HAL training was conducted for 30 minutes once daily. The time required to put on or remove the HAL was not included in the training time. The HAL training program consisted of sitting balance, standing balance, and gait training. Training was conducted with patients wearing either a single-leg or double-leg HAL model. Patients with paraplegia or quadriplegia and/or patients who could not maintain a sitting position used the double-leg HAL model. The single-leg HAL model was applied to patients with hemiplegia who could maintain a sitting position.18) Patients who could not maintain a sitting or standing position used an All-in-One Walking Trainer (All-in-One, manufactured by ROPOX A/S, Næstved, Denmark).
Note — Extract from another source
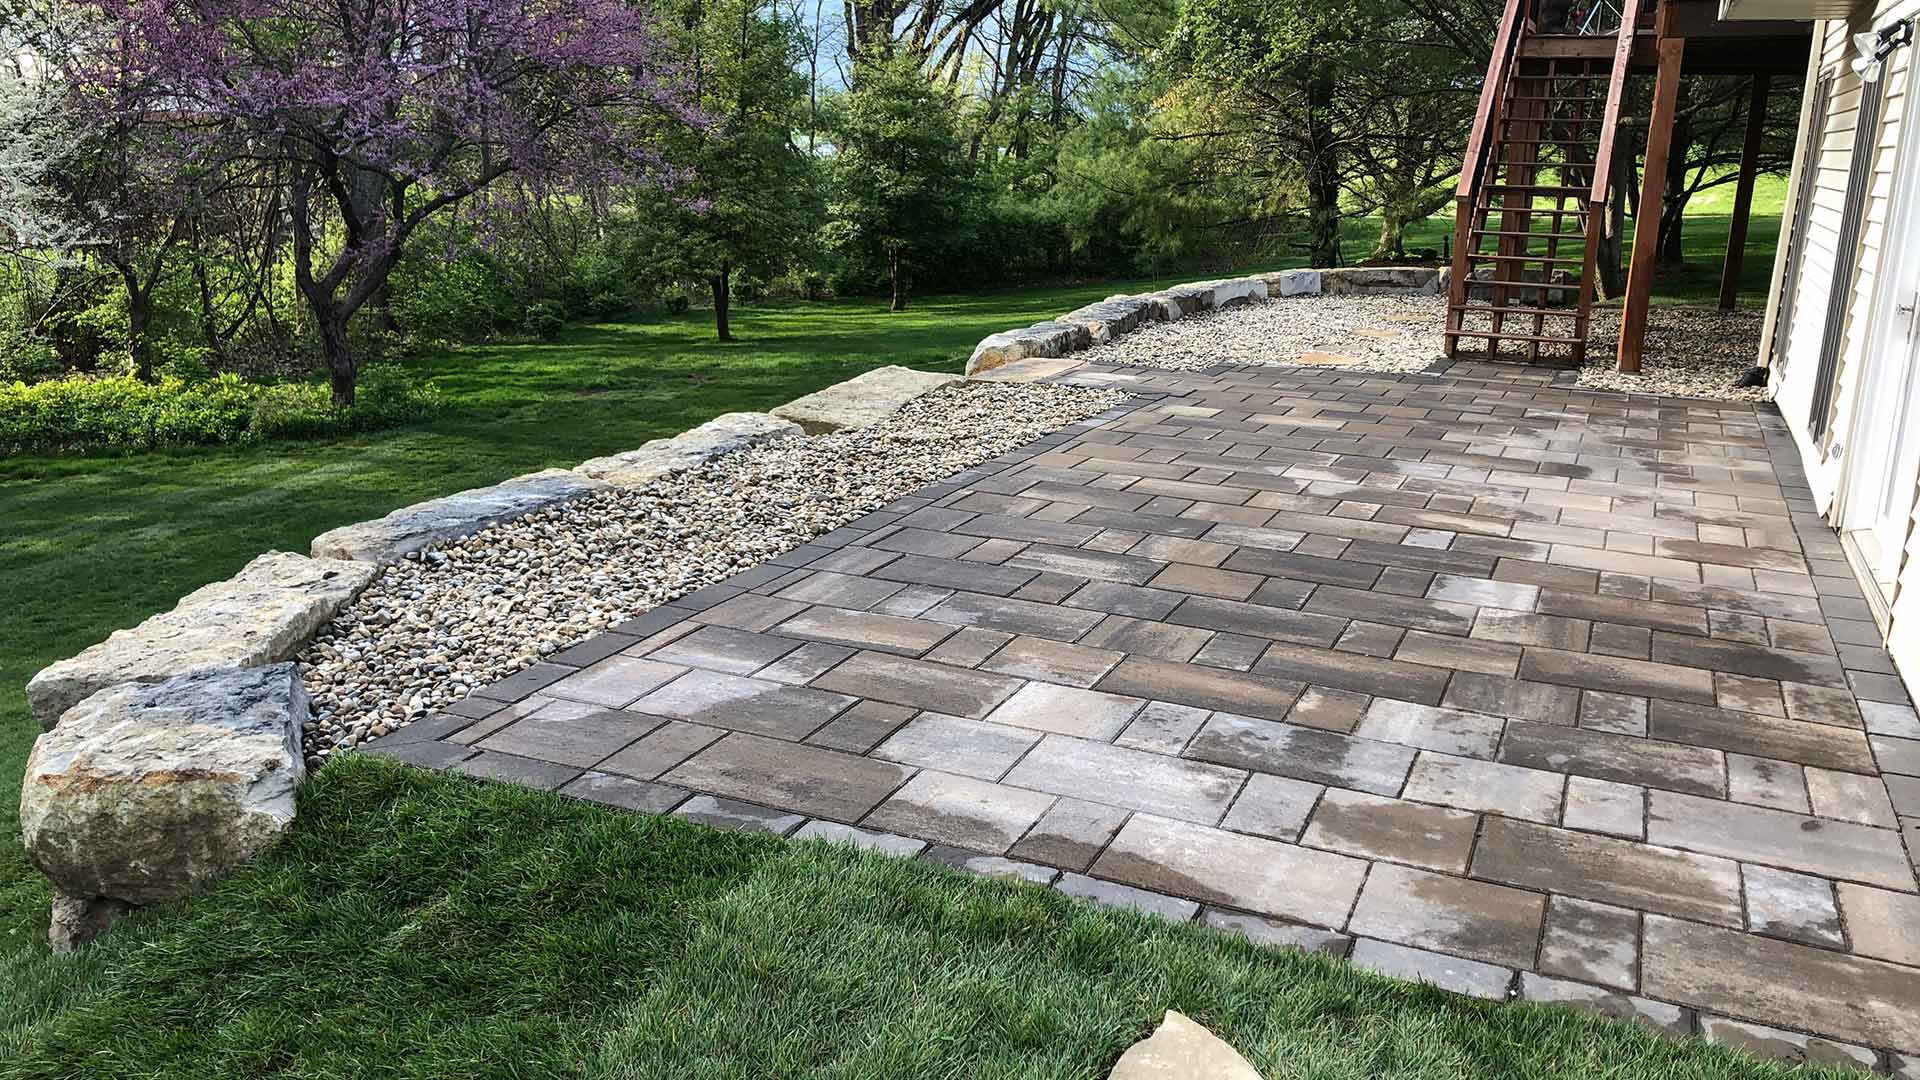 Edwardsville Backyard Makeover with Custom Patio, Retaining Wall, Steps & More

A dedicated sling (DOMINO Slings, manufactured by ROPOX A/S) for the All-in-One was used, and because it could support the pelvis of the wearer and hold up the trunk of the body, it even allowed patients who were unable to maintain a seated or standing position to do so safely.
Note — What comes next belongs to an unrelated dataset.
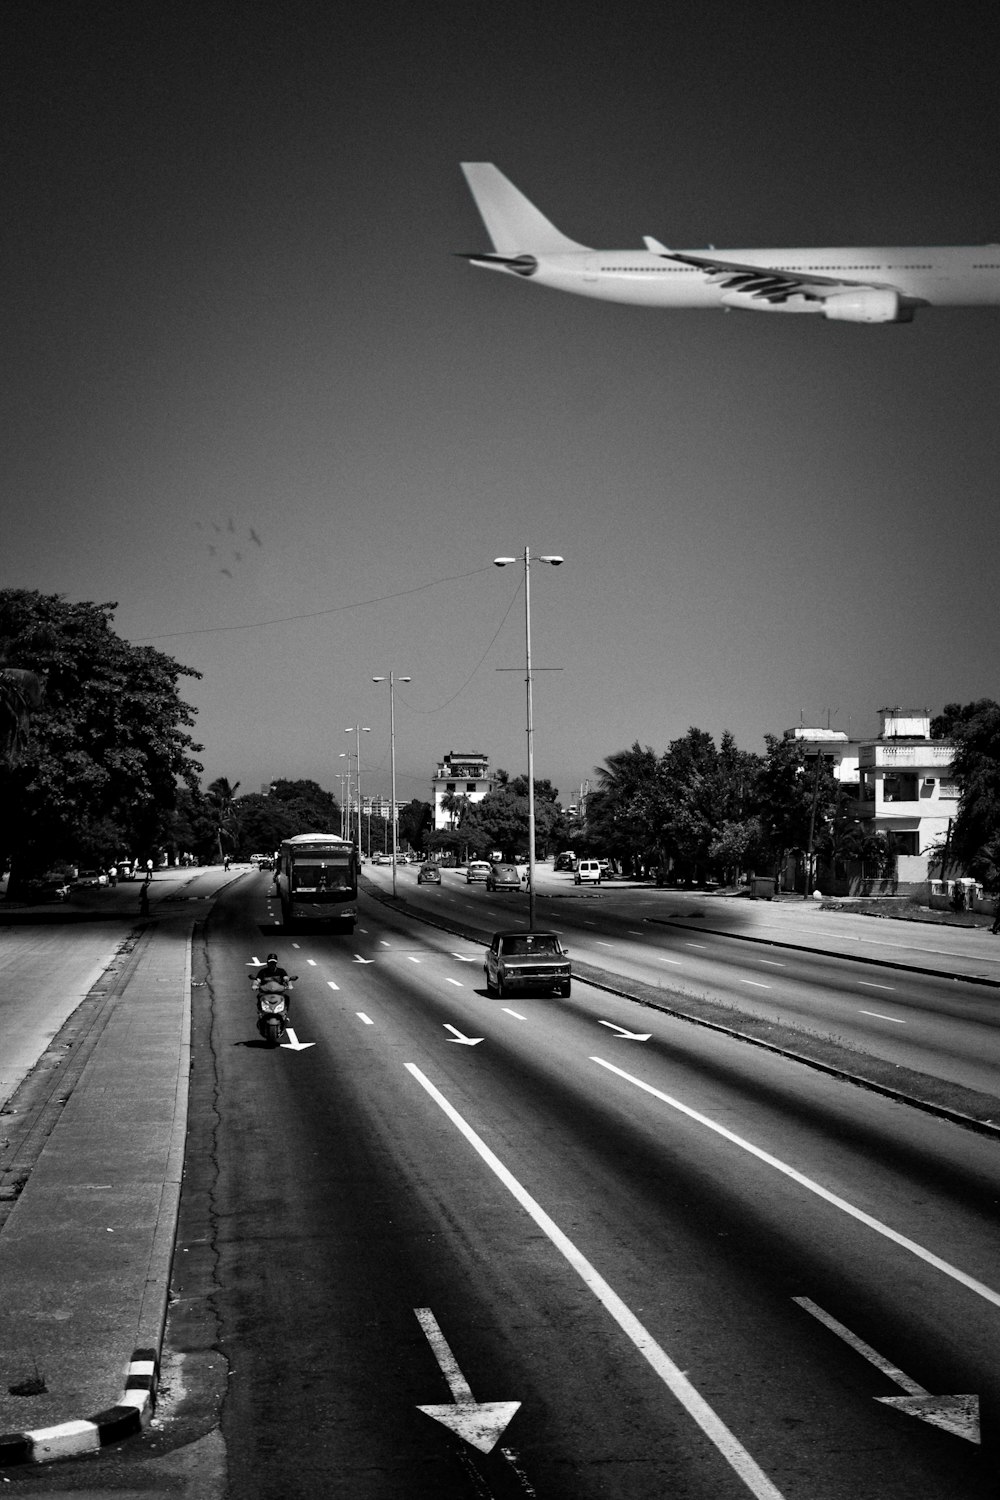 grayscale photo of passenger plane passing highway with vehicles

Gait function, lower limb function, balance, and ADLs were each evaluated according to the Functional Ambulation Categories (FAC),19) Fugl-Meyer Assessment (FMA),20) and Functional Independence Measure (FIM)21,22) before HAL training started and when it was finished.

The neuropsychological assessments that were used are shown below. The Mini-Mental State Examination (MMSE)23) and a modified MMSE (3MS)24) were used for the global cognitive screening assessment. The flexibility of the executive function of the frontal lobe was evaluated with the Trail Making Test (TMT),25) and cognitive inhibition was evaluated with the Stroop Test (ST).25) The Wechsler Adult Intelligence Scale-Revised (WAIS-R) digit span subtest (DS),26) which reveals the retention operation of working memory, was used to evaluate memory function. Furthermore, the WAIS-R digit symbol test (DST)26) was used to evaluate the psychomotor speed of the entire brain. To evaluate the visuospatial ability of the parietal lobe, we used a partial WAIS-R block design subtest26) and the cube-copying test.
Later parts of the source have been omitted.